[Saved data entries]
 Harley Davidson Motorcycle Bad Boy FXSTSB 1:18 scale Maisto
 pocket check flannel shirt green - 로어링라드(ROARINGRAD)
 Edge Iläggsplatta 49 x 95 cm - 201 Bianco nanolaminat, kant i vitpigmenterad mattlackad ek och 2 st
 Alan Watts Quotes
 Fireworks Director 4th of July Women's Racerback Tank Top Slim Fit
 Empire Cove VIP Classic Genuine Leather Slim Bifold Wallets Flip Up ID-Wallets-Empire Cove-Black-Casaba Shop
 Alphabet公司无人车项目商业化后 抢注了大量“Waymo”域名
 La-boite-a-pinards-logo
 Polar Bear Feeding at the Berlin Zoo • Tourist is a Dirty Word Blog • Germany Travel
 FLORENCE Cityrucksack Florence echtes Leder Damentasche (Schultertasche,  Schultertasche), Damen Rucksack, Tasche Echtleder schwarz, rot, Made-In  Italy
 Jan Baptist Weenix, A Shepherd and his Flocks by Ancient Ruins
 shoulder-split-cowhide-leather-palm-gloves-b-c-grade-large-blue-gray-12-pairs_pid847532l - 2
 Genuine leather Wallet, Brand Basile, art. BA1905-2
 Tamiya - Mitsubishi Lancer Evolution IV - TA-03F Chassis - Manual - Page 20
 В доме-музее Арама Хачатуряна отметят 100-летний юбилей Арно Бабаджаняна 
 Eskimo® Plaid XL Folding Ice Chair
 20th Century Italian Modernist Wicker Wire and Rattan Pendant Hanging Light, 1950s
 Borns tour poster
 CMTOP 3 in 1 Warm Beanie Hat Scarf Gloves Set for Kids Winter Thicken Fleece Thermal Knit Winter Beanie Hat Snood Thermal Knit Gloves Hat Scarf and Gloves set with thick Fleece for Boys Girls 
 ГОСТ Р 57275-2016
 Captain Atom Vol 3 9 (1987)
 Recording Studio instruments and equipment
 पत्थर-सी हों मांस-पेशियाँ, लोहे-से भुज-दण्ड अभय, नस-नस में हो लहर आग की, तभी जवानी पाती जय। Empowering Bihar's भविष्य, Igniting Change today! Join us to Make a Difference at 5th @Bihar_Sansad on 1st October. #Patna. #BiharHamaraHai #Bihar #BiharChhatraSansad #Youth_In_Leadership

__Problem to work on__
In the answer, the lines from the first line of the data above through the line containing "Fireworks Director 4th" must appear exactly as written, with nothing else.

__Response__
 Harley Davidson Motorcycle Bad Boy FXSTSB 1:18 scale Maisto
 pocket check flannel shirt green - 로어링라드(ROARINGRAD)
 Edge Iläggsplatta 49 x 95 cm - 201 Bianco nanolaminat, kant i vitpigmenterad mattlackad ek och 2 st
 Alan Watts Quotes
 Fireworks Director 4th of July Women's Racerback Tank Top Slim Fit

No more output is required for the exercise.